**Data supplied:**

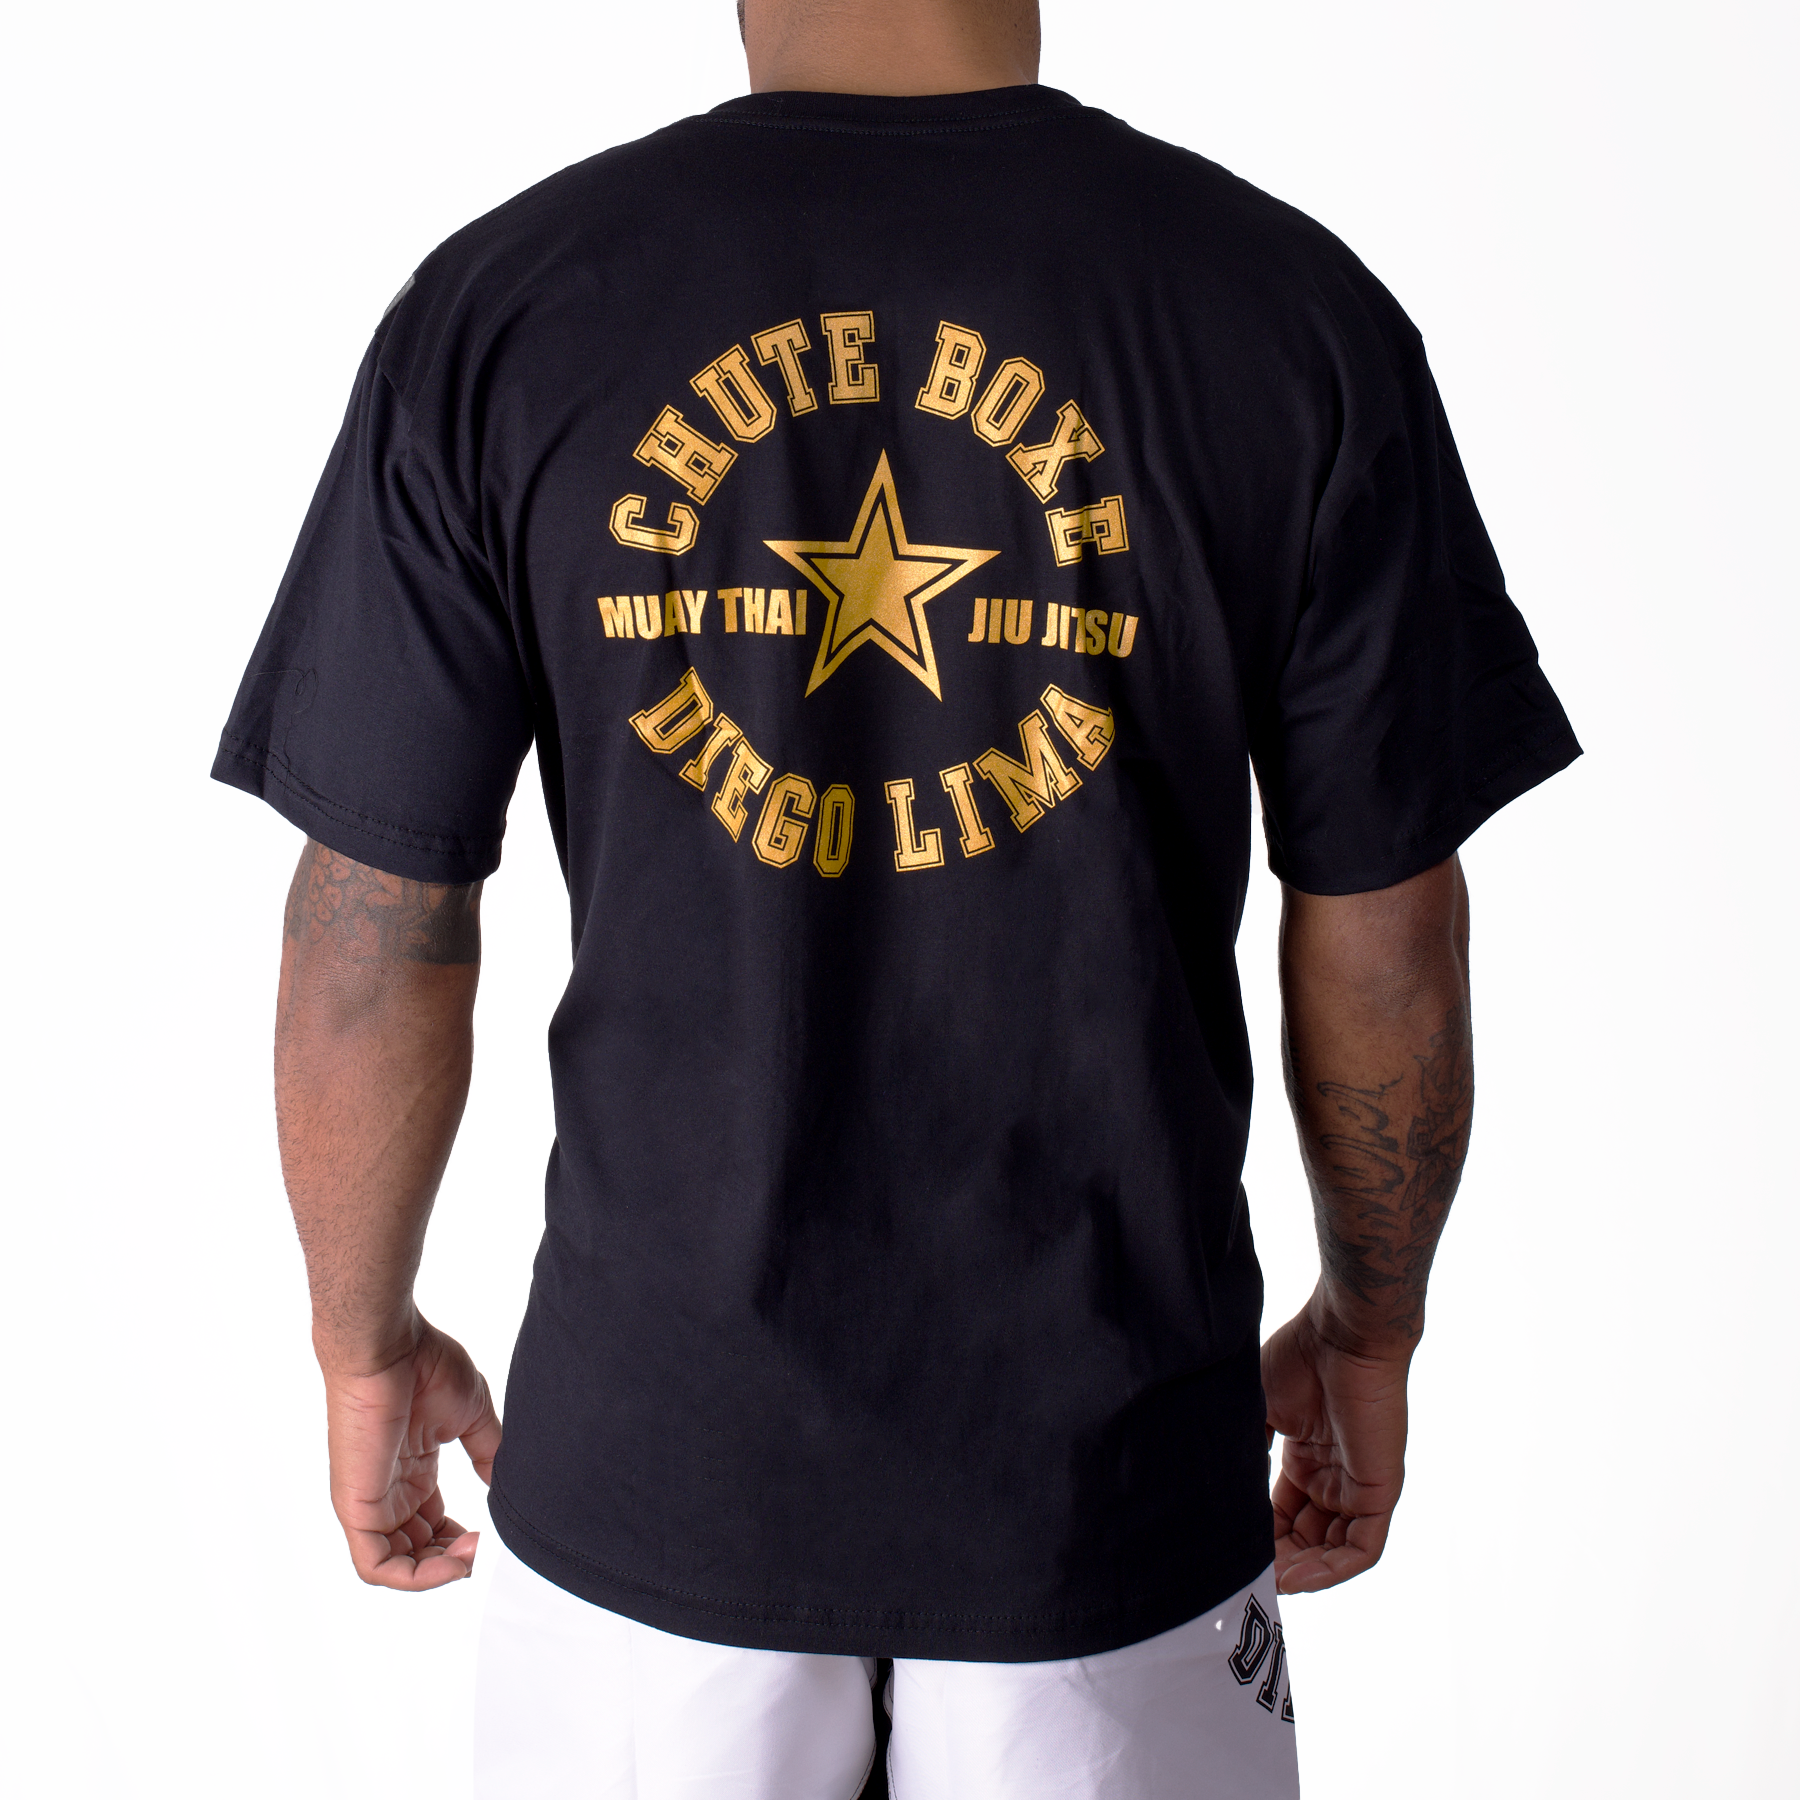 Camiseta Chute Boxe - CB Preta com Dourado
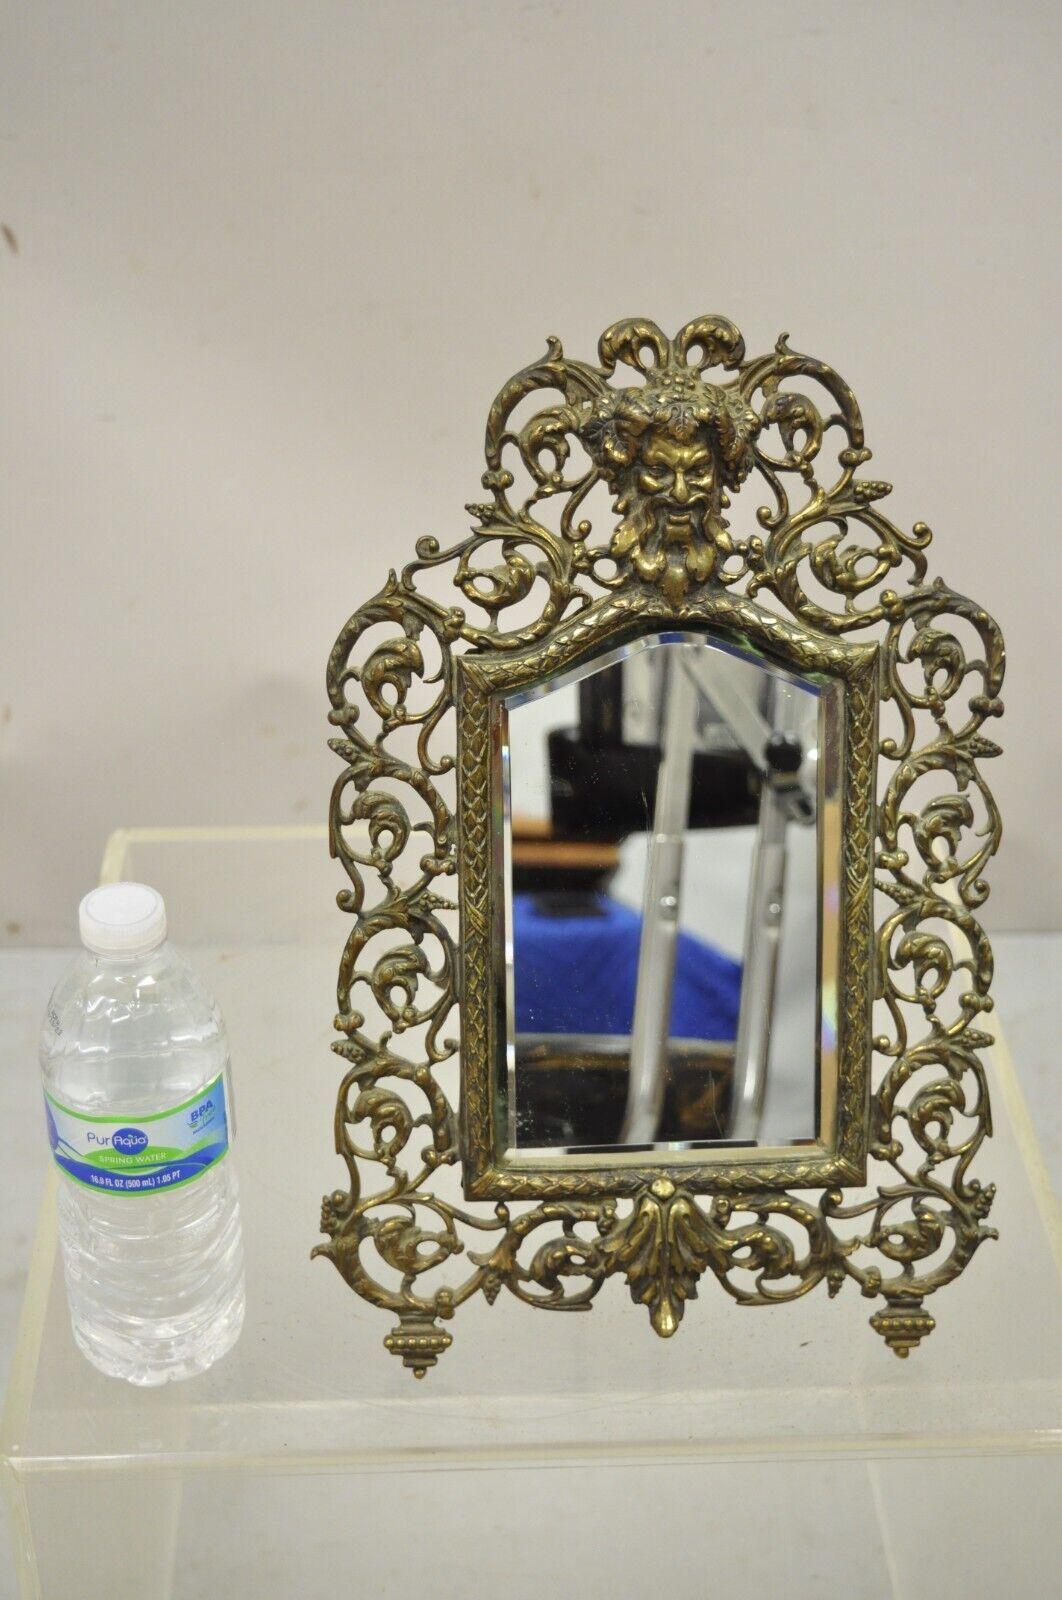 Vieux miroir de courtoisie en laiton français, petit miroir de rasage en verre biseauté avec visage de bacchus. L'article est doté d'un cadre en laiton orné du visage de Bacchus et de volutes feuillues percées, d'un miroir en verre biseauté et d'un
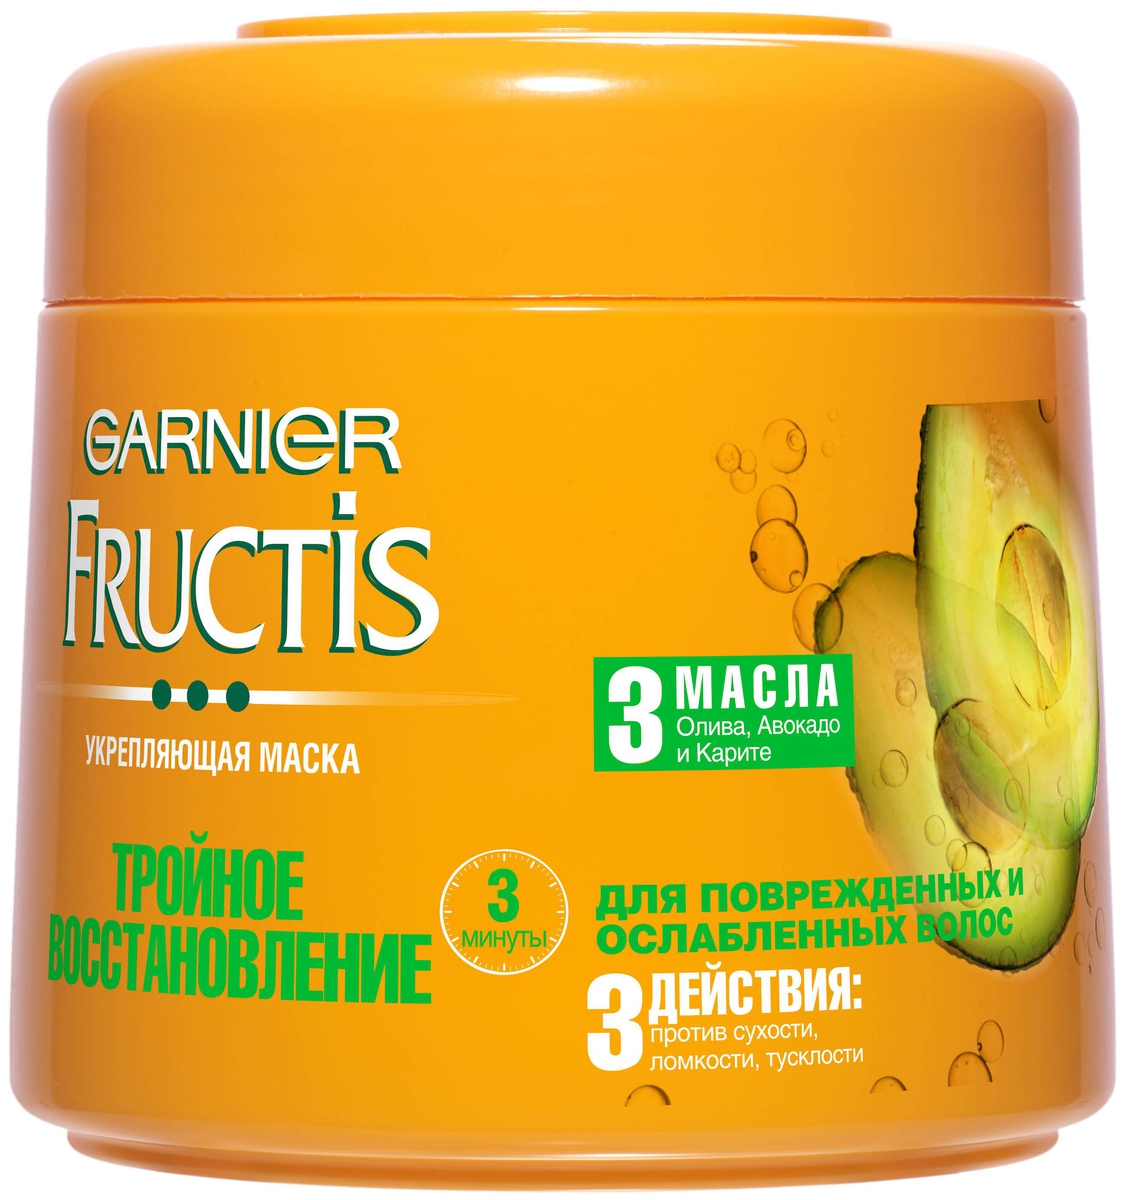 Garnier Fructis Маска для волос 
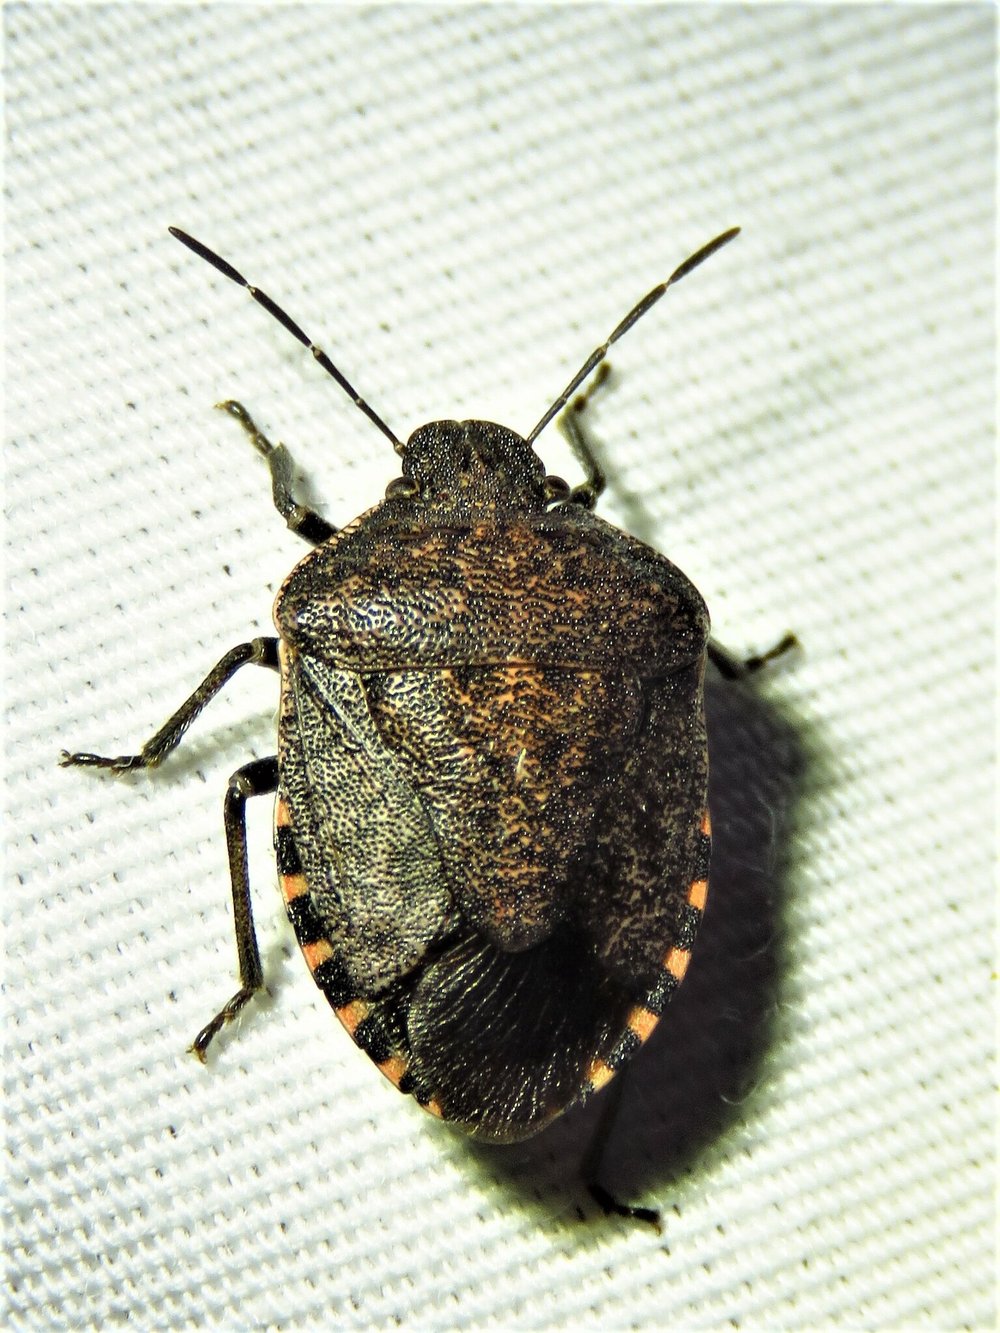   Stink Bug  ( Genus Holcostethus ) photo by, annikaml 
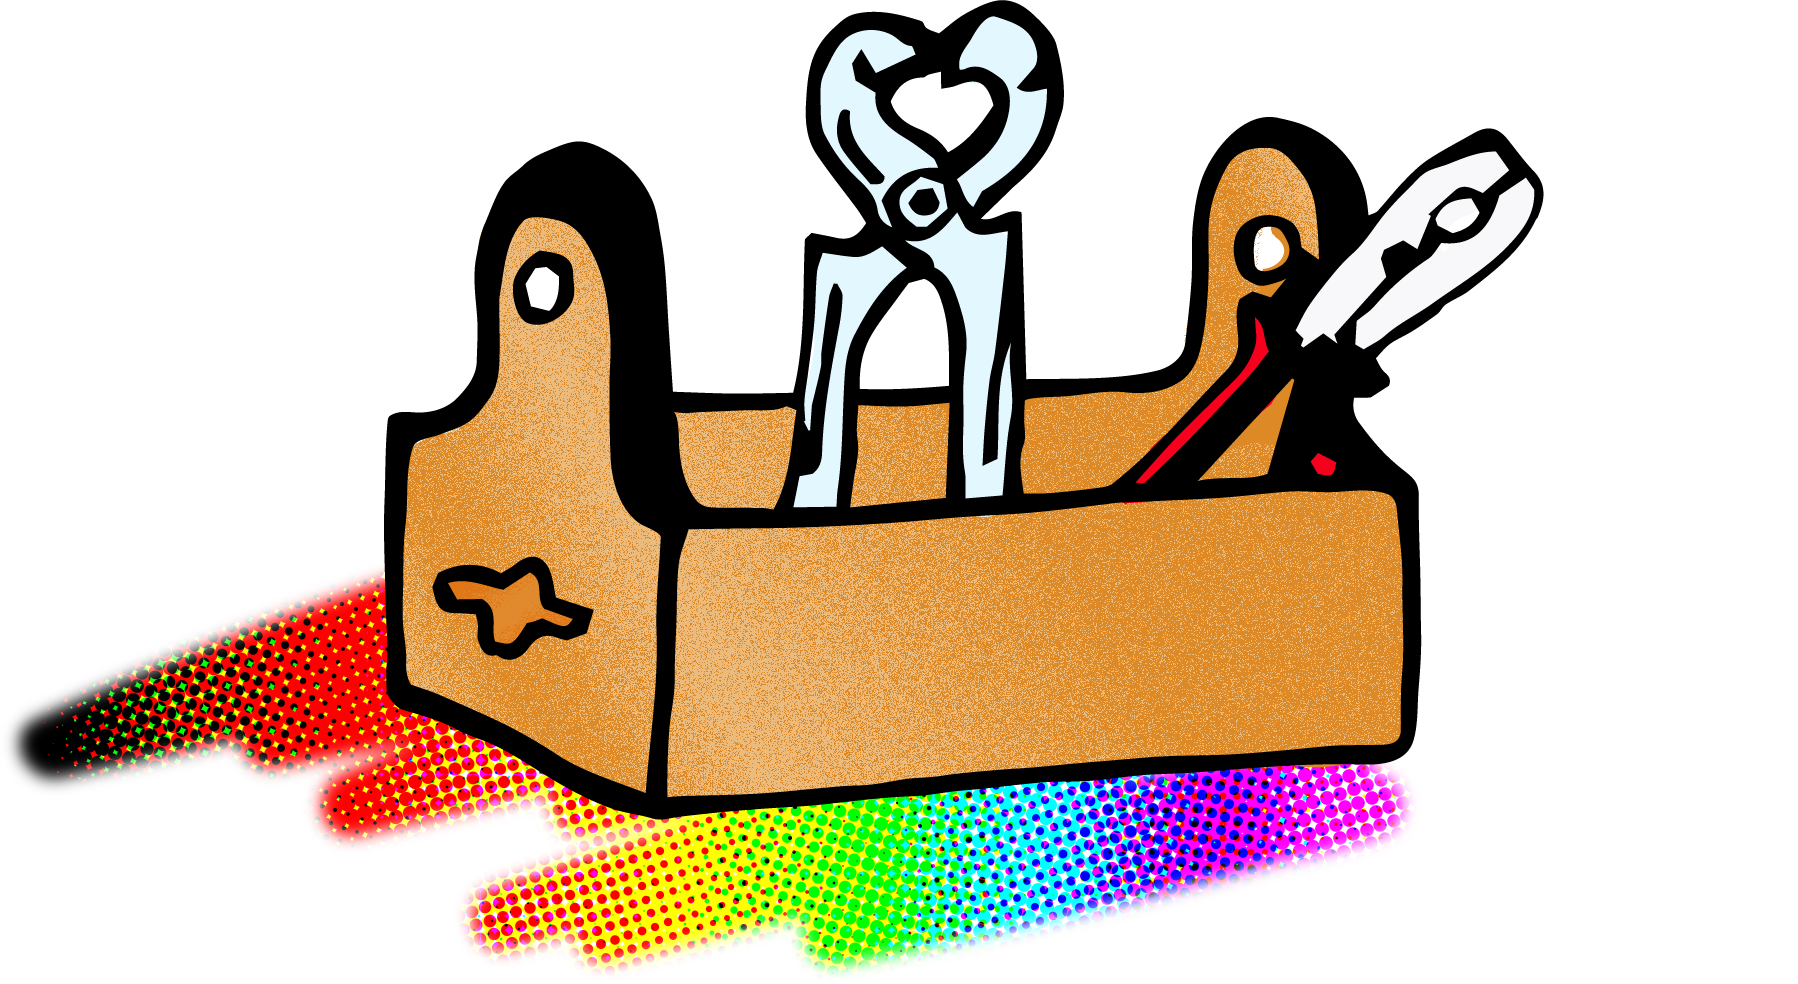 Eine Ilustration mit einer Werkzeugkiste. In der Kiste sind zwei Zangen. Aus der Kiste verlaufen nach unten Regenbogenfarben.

**What is needed:** Once the line with "Vieux miroir de" is found, write out that line and every later line of the listing above exactly, through the last one, and skip any pictures.

**Answer to this exercise:**
 Vieux miroir de courtoisie en laiton français, petit miroir de rasage en verre biseauté avec visage de bacchus. L'article est doté d'un cadre en laiton orné du visage de Bacchus et de volutes feuillues percées, d'un miroir en verre biseauté et d'un
 Garnier Fructis Маска для волос 
   Stink Bug  ( Genus Holcostethus ) photo by, annikaml 
 Eine Ilustration mit einer Werkzeugkiste. In der Kiste sind zwei Zangen. Aus der Kiste verlaufen nach unten Regenbogenfarben.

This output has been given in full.